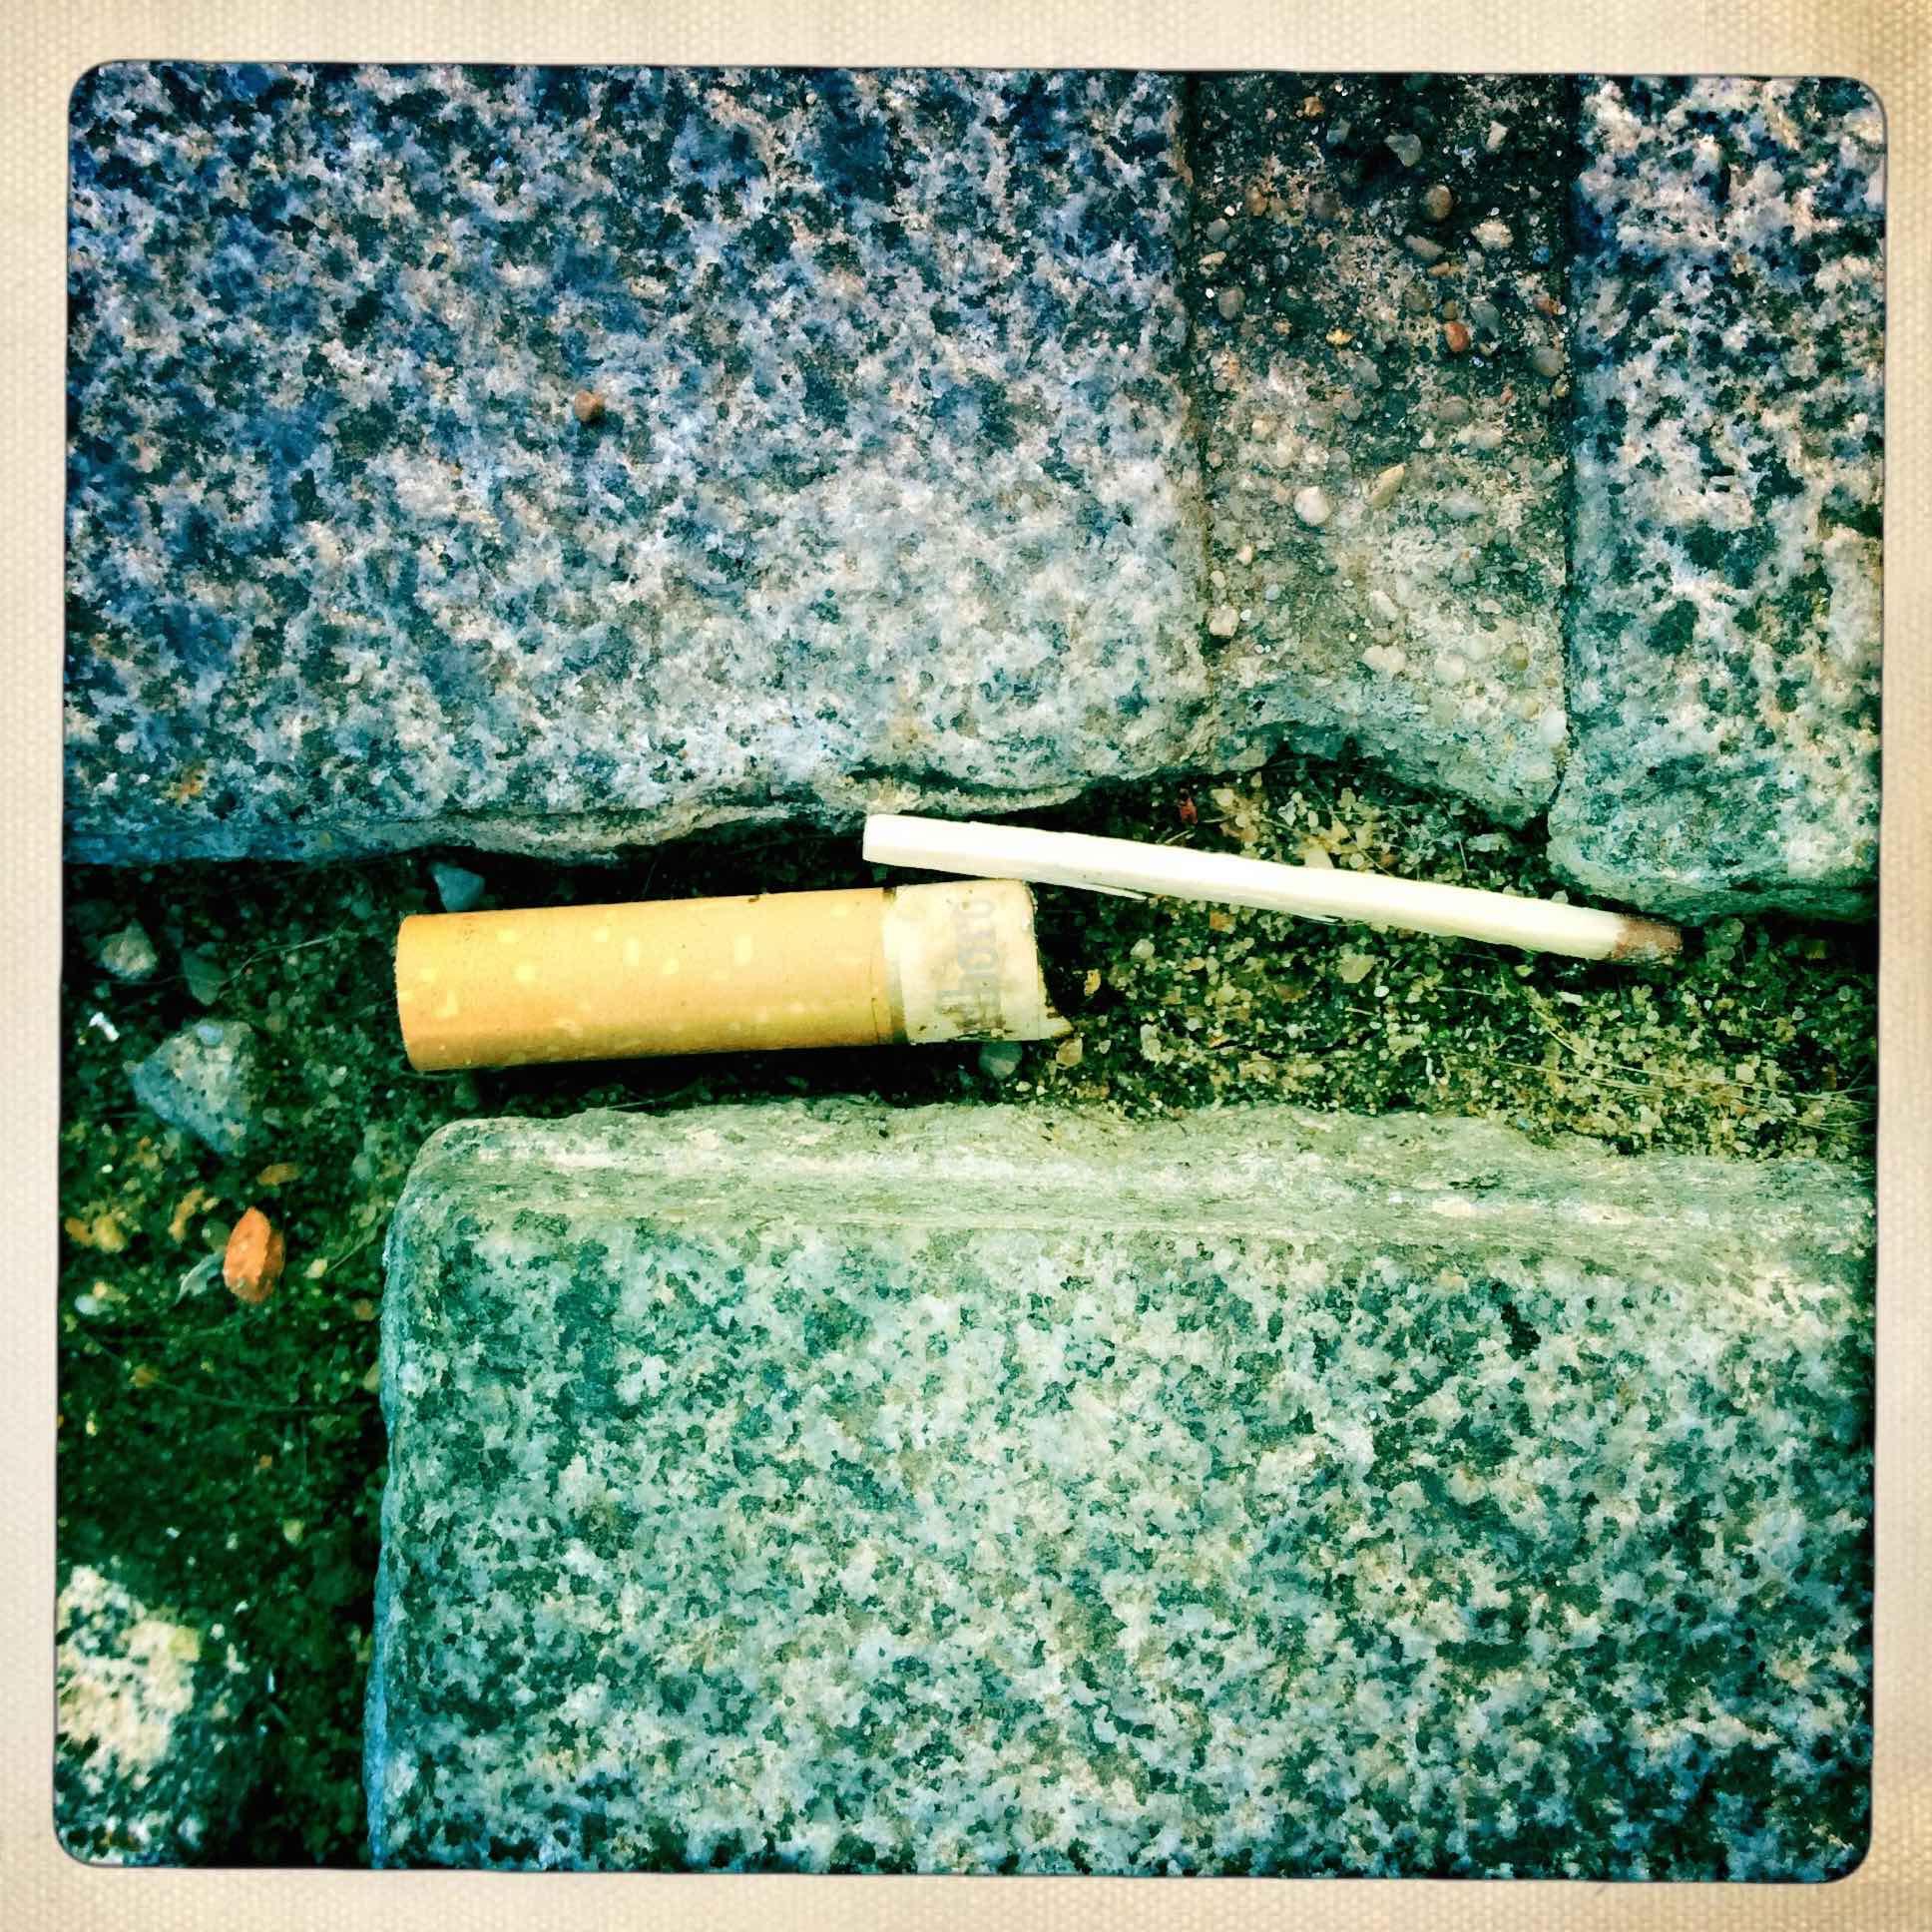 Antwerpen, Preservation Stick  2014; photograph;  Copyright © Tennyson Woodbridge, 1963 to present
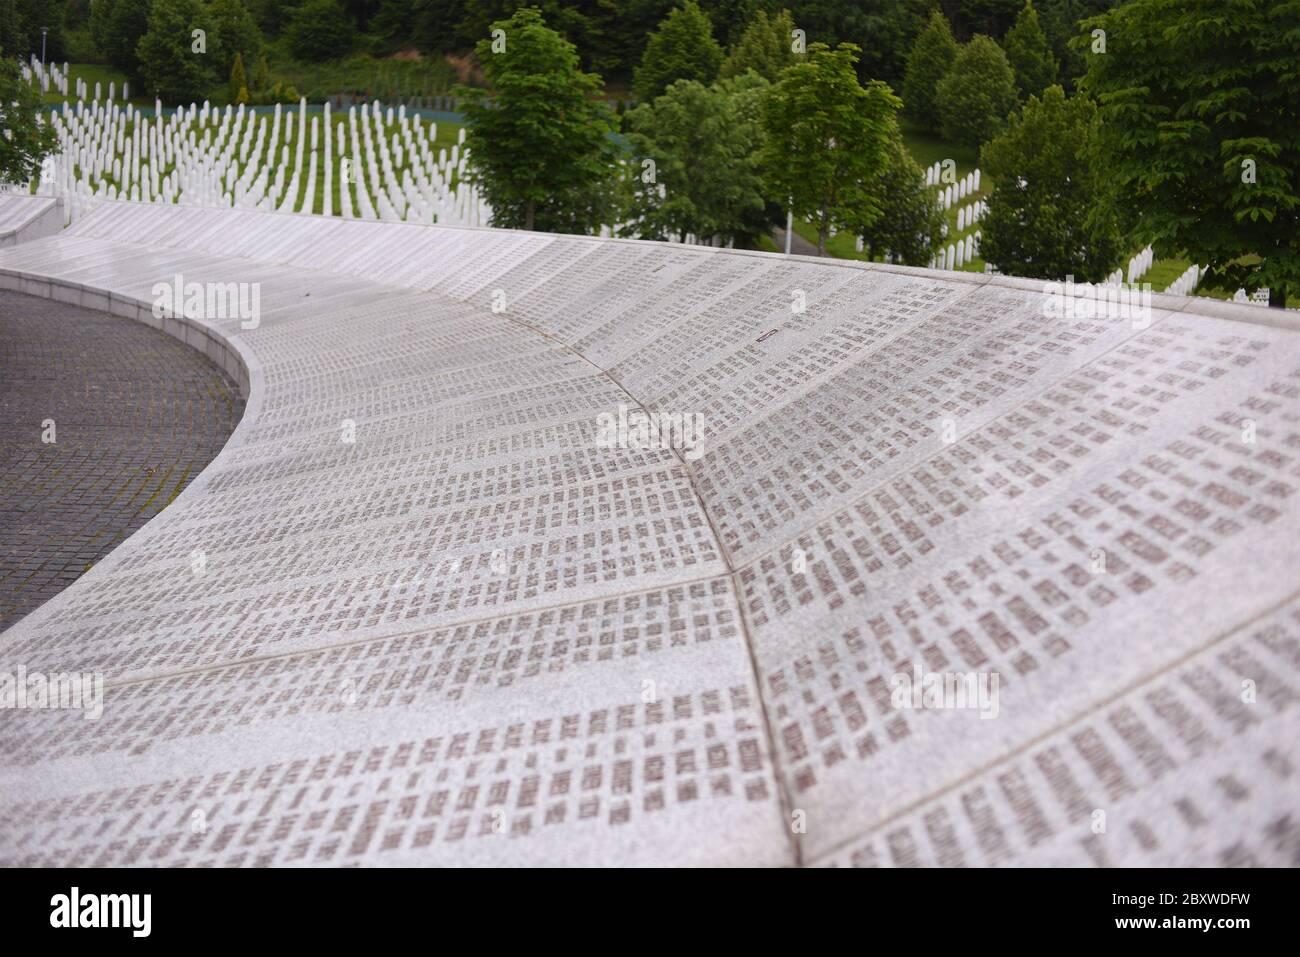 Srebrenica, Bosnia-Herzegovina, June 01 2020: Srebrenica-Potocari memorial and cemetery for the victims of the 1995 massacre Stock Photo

---

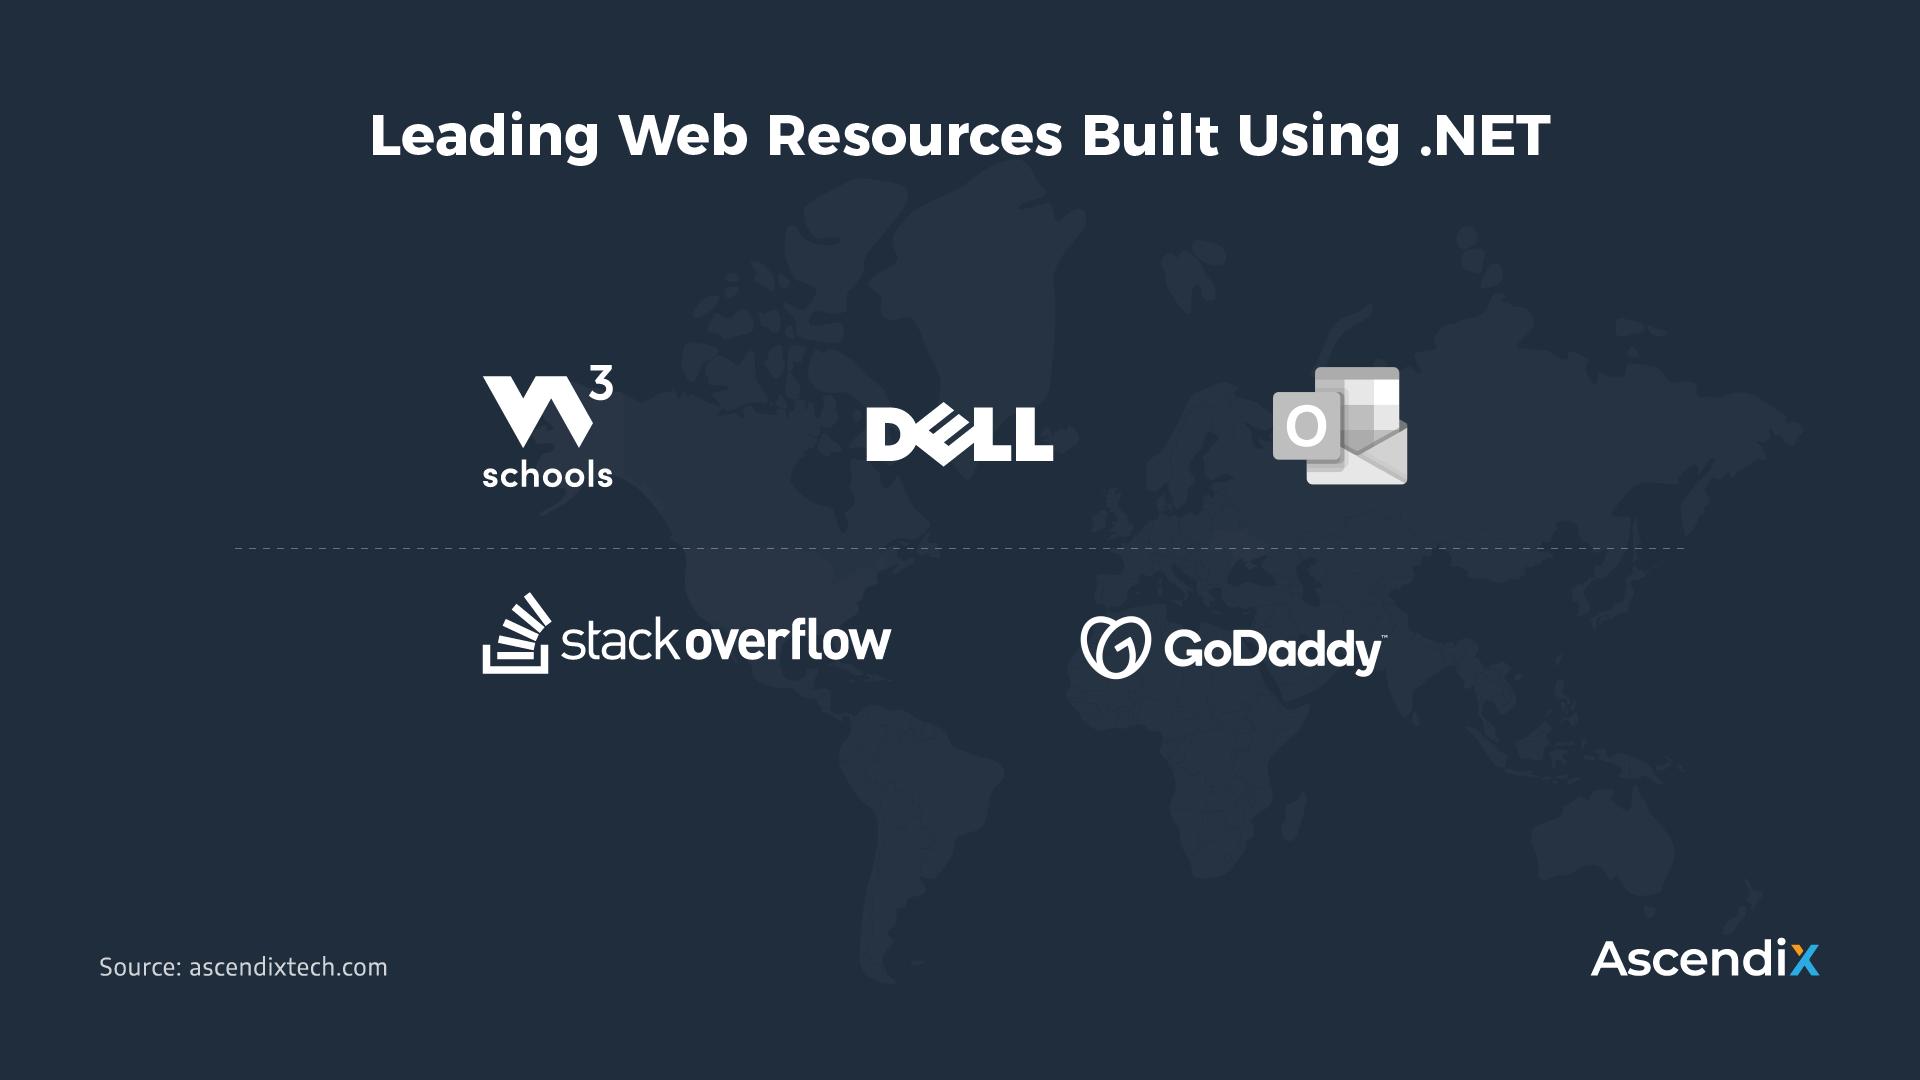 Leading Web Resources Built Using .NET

__What you should do__: The answer should consist only of the lines above from the one with "Antwerpen, Preservation Stick" through the one with "Srebrenica, Bosnia-Herzegovina, June", repeated exactly, with no pictures among them.

__Answer section__:
 Antwerpen, Preservation Stick  2014; photograph;  Copyright © Tennyson Woodbridge, 1963 to present
 Srebrenica, Bosnia-Herzegovina, June 01 2020: Srebrenica-Potocari memorial and cemetery for the victims of the 1995 massacre Stock Photo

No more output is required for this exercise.